One shortcoming that we acknowledge is that reconstructions from our custom-built micro-CT system (magnification ~5.3) have a larger voxel size (20 μm) than reconstructions from high-quality commercial EID-based micro-CT scanners (~5 μm). This is because compared to our system, these commercial scanners can typically achieve smaller focal spot sizes (reducing penumbra blurring), higher magnifications, and in some cases, smaller detector pixel sizes. On the other hand, the magnification of our system is constrained by the limited field-of-view of our PCD combined with our desire to perform high-throughput imaging by scanning multiple femurs (i.e., three) in each vial. Nevertheless, this study demonstrates that the properties of the PCD, such as reduced spatial blurring due to direct X-ray photon detection and simultaneous multi-energy imaging, are useful for bone imaging. Future work that incorporates the PCD into commercial micro-CT scanners that can achieve voxel sizes of less than 10 μm will be critical to ensure that the benefits of photon-counting CT for small animal bone imaging are fully realized.
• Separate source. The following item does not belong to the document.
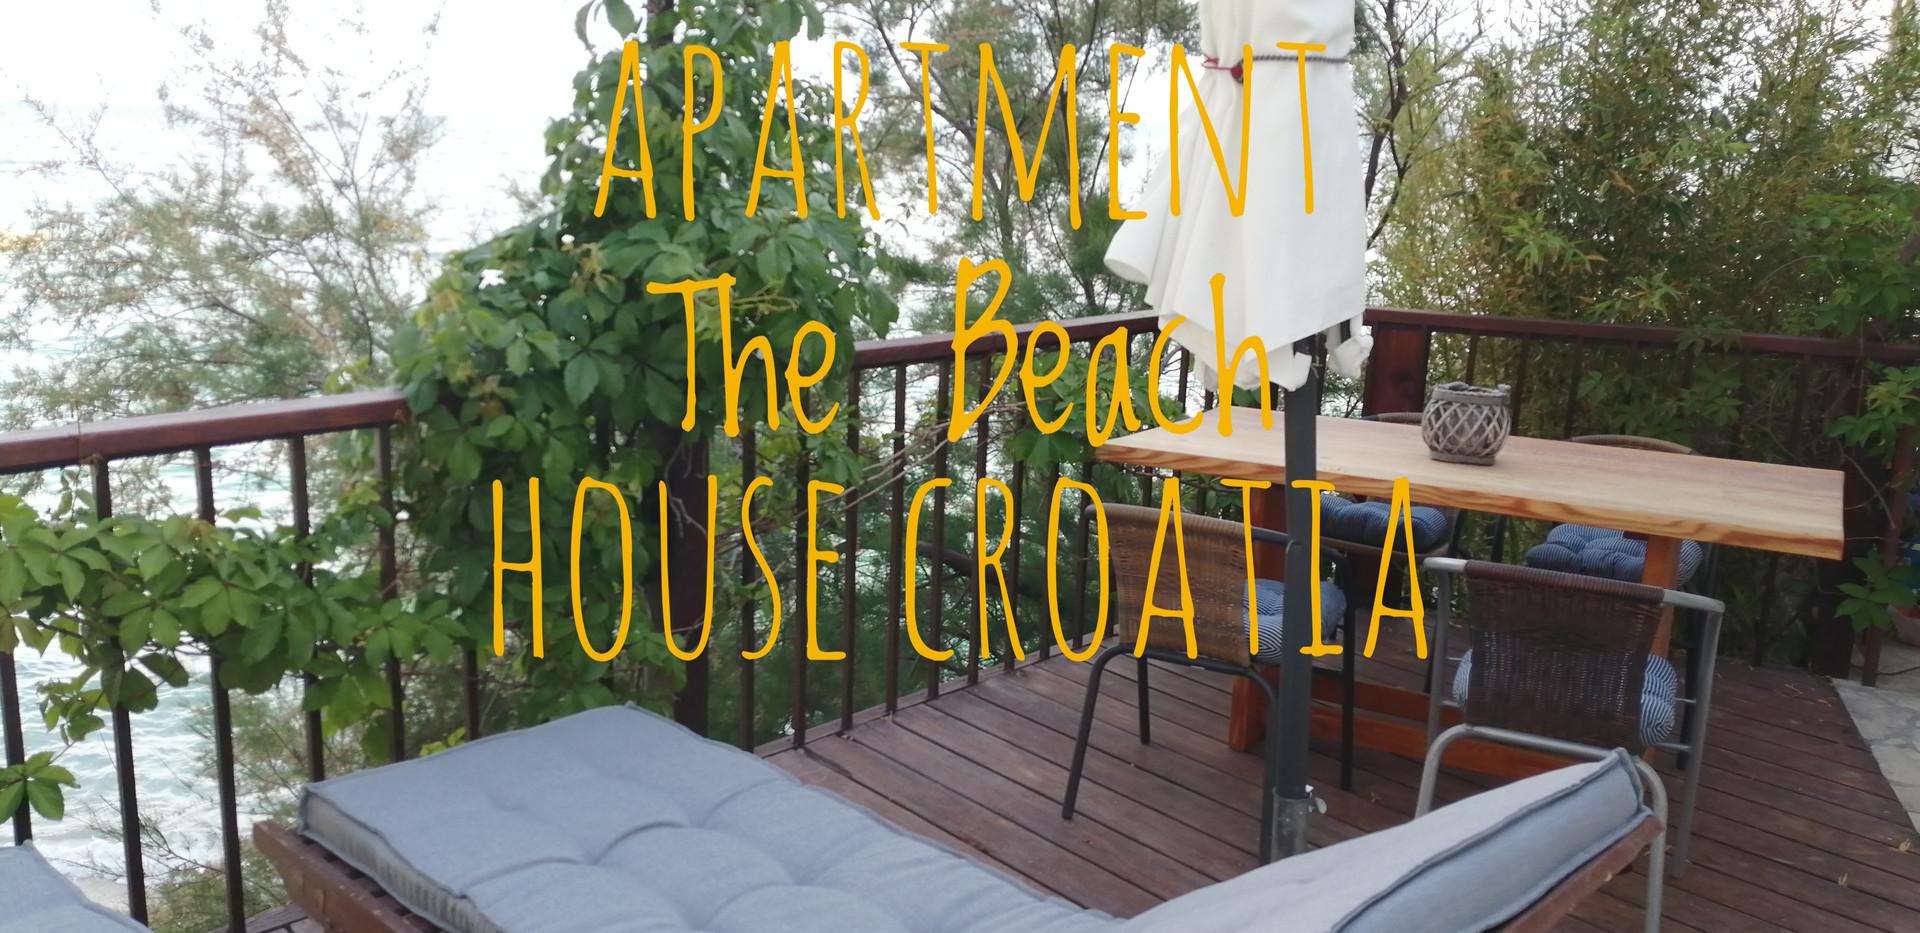 The Beach house Croatia

Another potential shortcoming is the size (
n = 57) and age/sex distribution of our study cohort. Although this sample size is sufficiently large for our whole-cohort GLMs and all stratified tests exploring double interactions (e.g., APOE genotype/sex, APOE genotype/HN, sex/HN,
Table 4,
Table 5 and
Table 6, and
Figure A3 and
Figure A4), our triple-interaction analysis investigating HN effects in genotype-by-sex subgroups (
Table 7 and
Figure 4) may require validation in a larger mouse cohort. Future work in a larger study cohort with better matching of age distribution across all genotype/HN groups and a better balance of sexes in the APOE22HN and APOE44HN groups may also further improve the reliability of statistical analyses investigating effects of two or more interactions.